L’intérêt de ce Martin Scorsese réside d’abord dans le fait qu’il s’agit d’une biographie, résumée certes, mais qui n’en couvre pas moins toute la vie et toute la carrière du cinéaste, depuis son enfance à Little Italy jusqu’à son implication dans Joker (et la polémique qui s’ensuivit sur sa critique des productions Marvel). Bon, certains passages ont été quelque peu euphémisés il est vrai (notamment l’addiction de Marty à la cocaïne dans les années 70). Il n’empêche l’exercice a l’avantage de proposer des images qui pour la plupart n’existent pas ; celles de Marty enfant souffrant de ses crises d’asthme ; celles de son oncle Joe, petit malfrat qui lui inspirera le personnage de Johnny Boy (De Niro) dans Mean Streets ; celles du jeune Scorsese enseignant en cinéma à la New York University à la fin des années 60 (à un certain Oliver Stone notamment), etc. Bien sûr pour quiconque connait la vie de Martin Scorsese sur le bout des doigts (et/ou ayant lu la biographie que je lui ai consacré en 2019 – Martin Scorsese, l’affranchi chez Nouveau Monde) il n’y a pas vraiment de scoop ici, mais la plus-value est ailleurs. Car en plus d’être un bel objet de presque 400 pages (au prix modique de 22,90 euros), le livre a la bonne idée d’alterner les styles graphiques selon les périodes de la vie de Marty (le noir et blanc pour l’enfance par exemple) mais aussi de placer, ça et là, l’air de rien, quelques beaux clins d’œil aux chefs d’œuvre du 7e Art adorés par Scorsese (au hasard, Citizen Kane, Huit et demi ou The Great Train Robbery). Voilà, au final ce « Martin Scorsese en BD » est un ouvrage bien documenté (j’ai cherché les erreurs et n’en ai trouvées aucune), original et astucieux. C’est aussi un bel hommage à un réalisateur de génie, au cinéma du Nouvel Hollywood (on y croise bien sûr toute la bande des movie brats, les Coppola, De Palma, Spielberg, Lucas…) et surtout au 7e Art qu’Amazing Améziane semble particulièrement apprécier.  D’où notre envie de lui poser quelques questions…
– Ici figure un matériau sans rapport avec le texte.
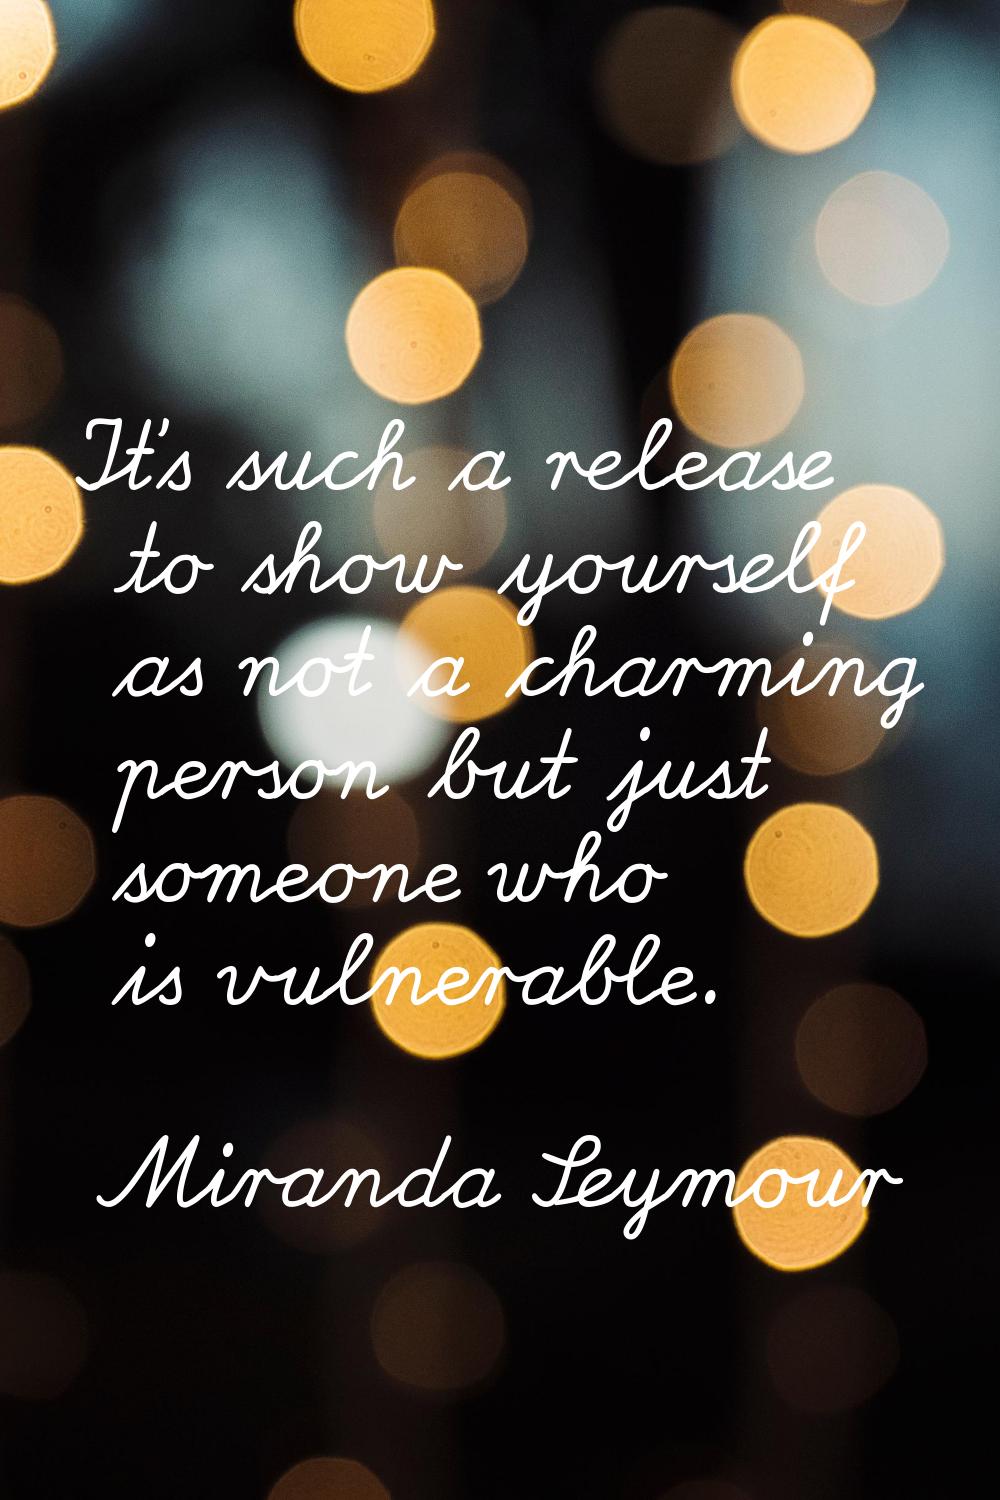 It's such a release to show yourself as not a charming person but just someone who is vulnerable.

Régis Dubois : Peux-tu te présenter pour ceux qui ne te connaissent pas ?

Amazing Améziane : En février 2022, cela fera 20 ans que je fait de la BD et des COMICS et j’aurai produit 22 livres, j’en ai écrit la moitié et fait le design de tous.

J’ai une formation de graphiste avec spécialisation illustration et j’ai bossé comme illustrateur dans le presse magazine, ainsi que Directeur Artistique d’un magazine de rap old school ; L’Affiche. Et j’en ai eu marre de bosser pour les autres et j’ai écrit CLAN, un scénar de Yakuza, une version moderne de Zatoichi en 2001 (avant le film de Kitano, donc). Mais je n’ai pu le dessiner que 14 ans plus tard, car rien ne se passe jamais comme on le veut…
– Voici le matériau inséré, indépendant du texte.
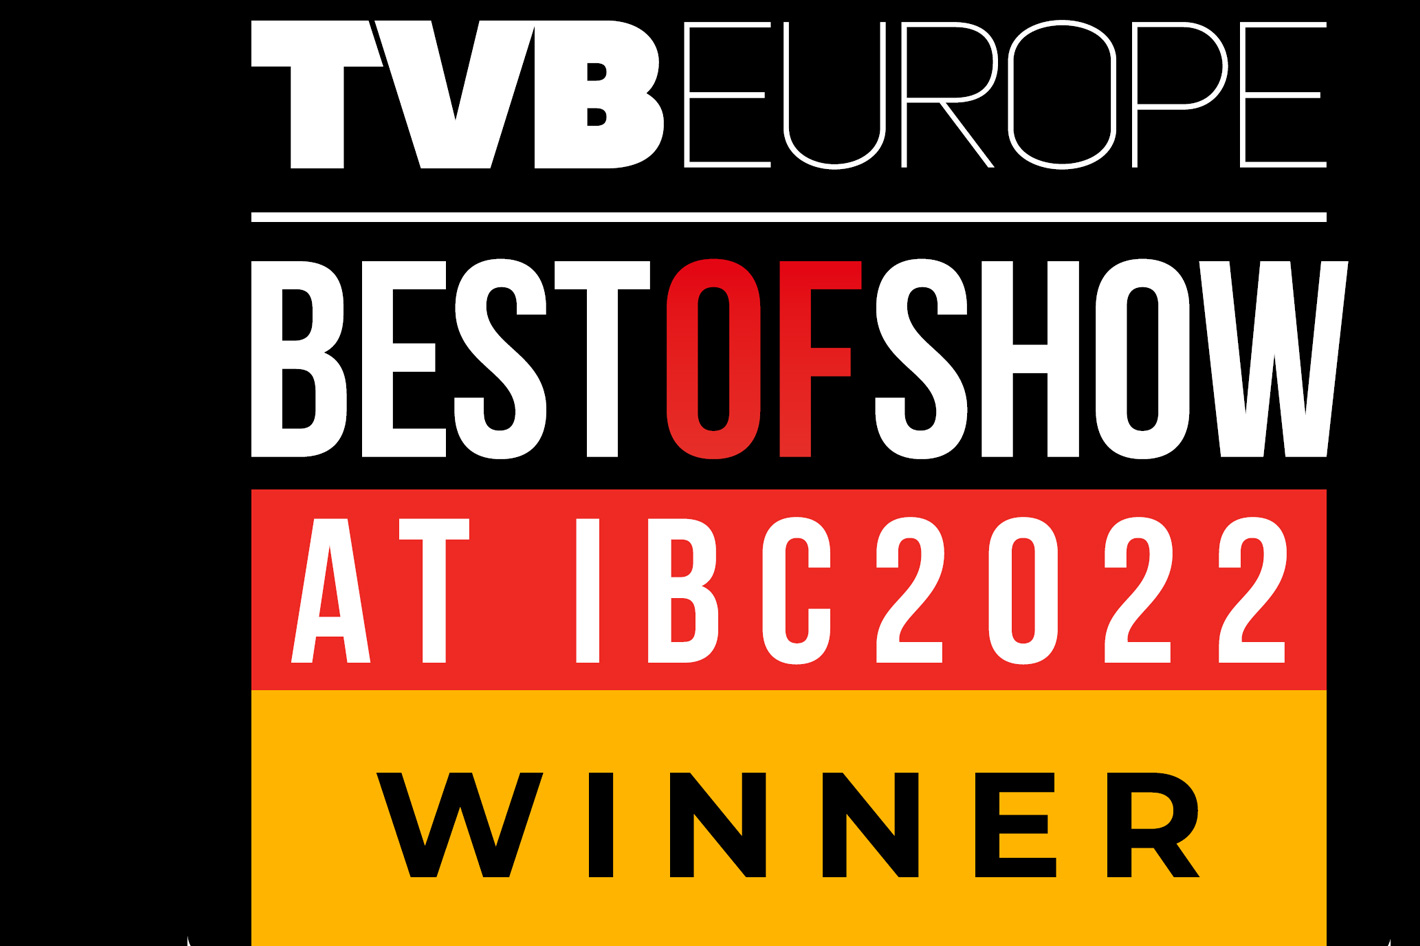 Ateliere Connect wins Best of Show at IBC2022

Coppola disait que le truc qui vous font virer quand vous êtes jeunes, c’est les mêmes qui vous feront connaître. Les éditeurs me trouvaient trop comics à l’époque et maintenant, je fais un livre aux USA qui est traduit chez Panini Comics France. Sacré Francis…
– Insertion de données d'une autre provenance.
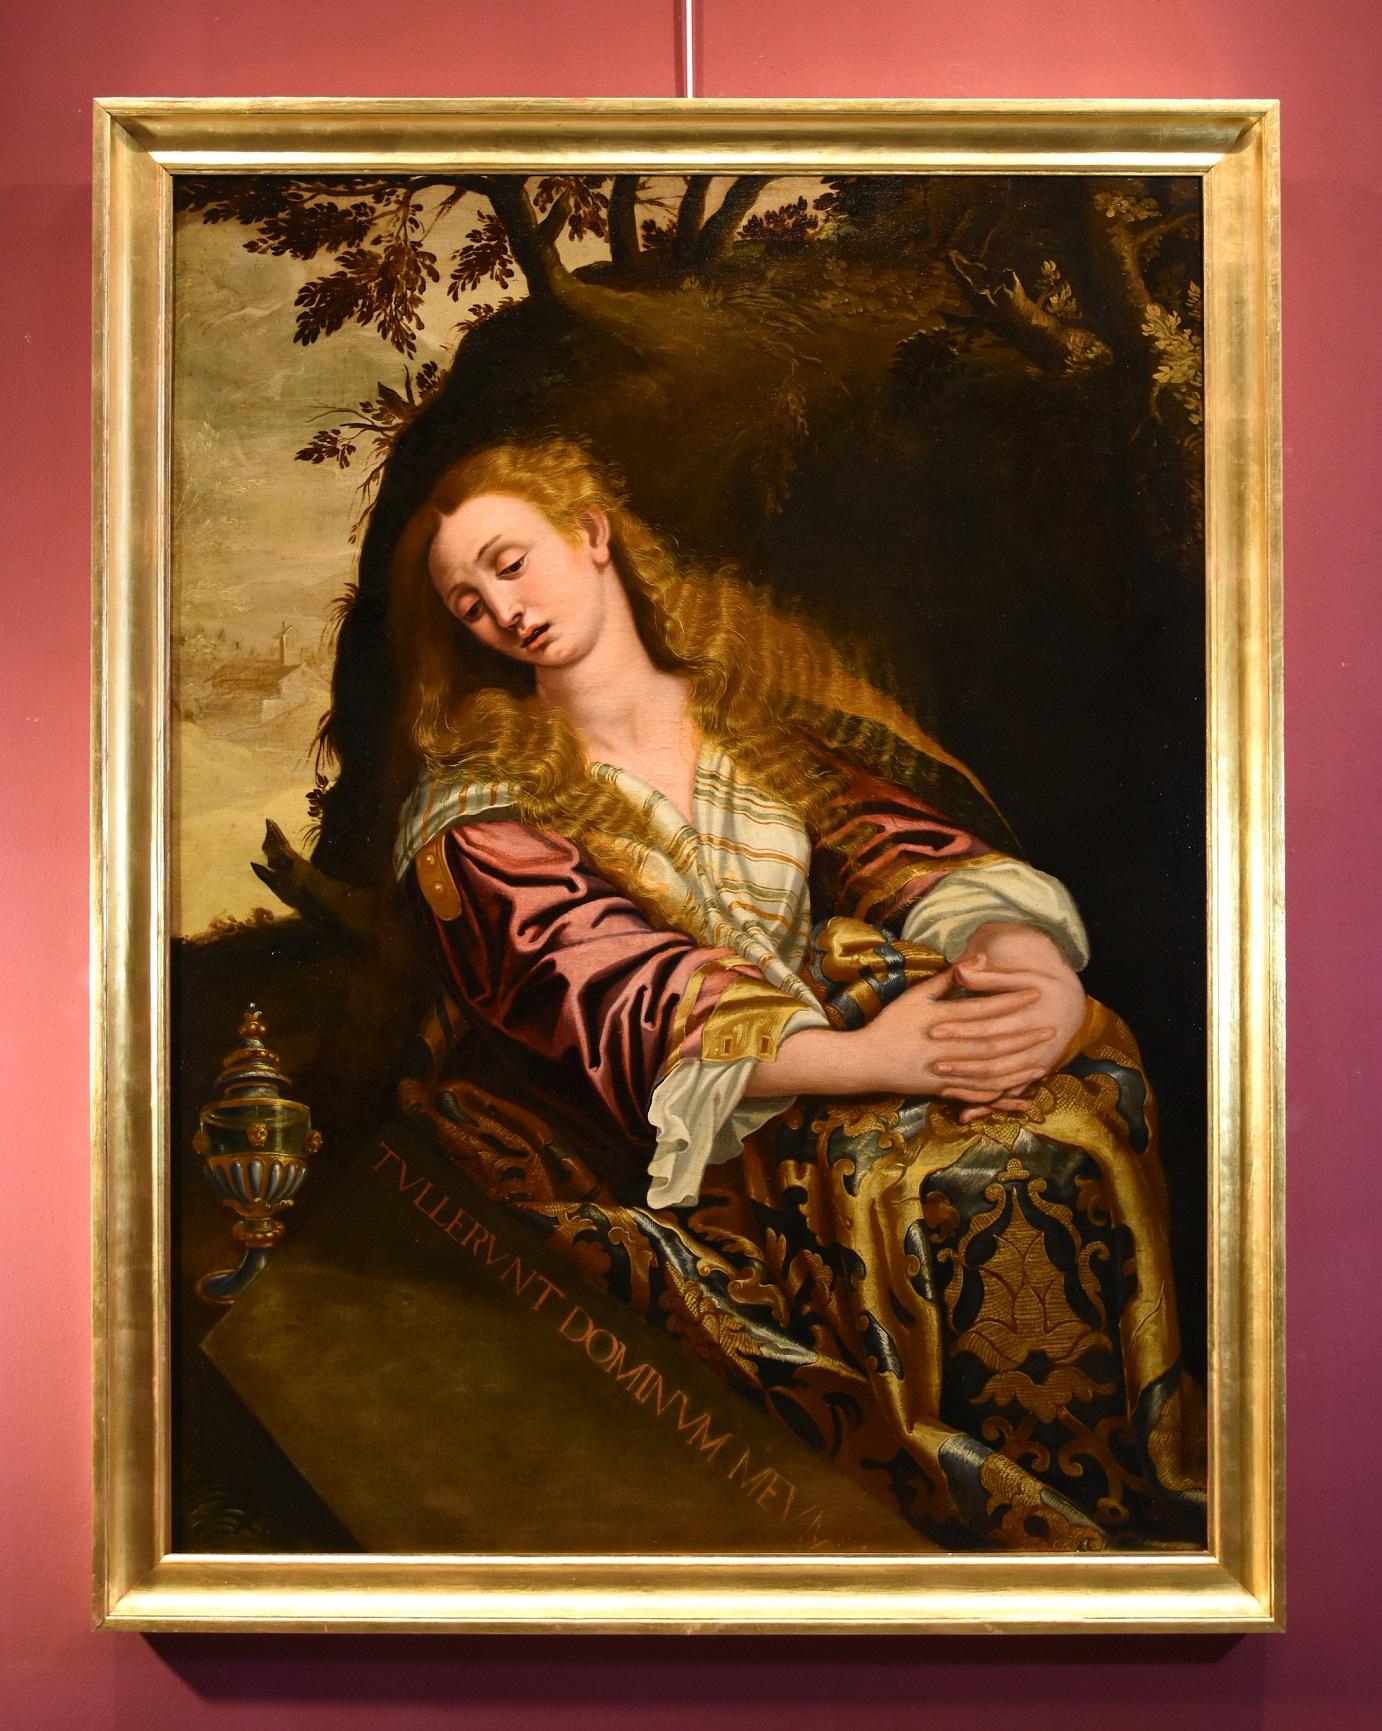 Mary Magdalena Pulzone Paint oil on canvas 17th Century Old master Portrait Art  - Painting by Scipione Pulzone, known as Il Gaetano (Gaeta, 1544 - Rome, 1598) workshop of

J’ai créé ma SOUL TRILOGY composé de 3 biopics situé autour de l’année 1971. Il y a MUHAMMAD ALI (Le Lombard, 2015) Best-Seller du New York Times, MISS DAVIS, La vie et les combats de ANGELA DAVIS (Éditions du Rocher, 2020)  qui sera publié aux USA chez FANTAGRAPHICS en 2022. Les 2 livres sont scénarisés par Sybille Titeux de la Croix.

Et finalement ma première production US, BIG BLACK: STAND AT ATTICA (Boom! Studios, 2020), d’après un scénario de Jared Reinmuth. Nous avons été nominés aux Eisners Awards 2021.

Au premier abord, ça a l’air sympa mais personne ne me connaît, c’est aussi dû à 15 ans de traversée du désert à faire des livres avec les maisons d’édition qui fermaient les unes après les autres ou étaient rachetées et quand le nouveau patron arrivait, il virait tout le monde.

Donc j’ai un sacré paquet de bouquins aussi bons que ceux que je fais aujourd’hui que personne n’a vu. Je vais tenter de remédier à cela…

RD : Pourquoi avoir choisi de créer ce roman graphique sur Martin Scorsese ?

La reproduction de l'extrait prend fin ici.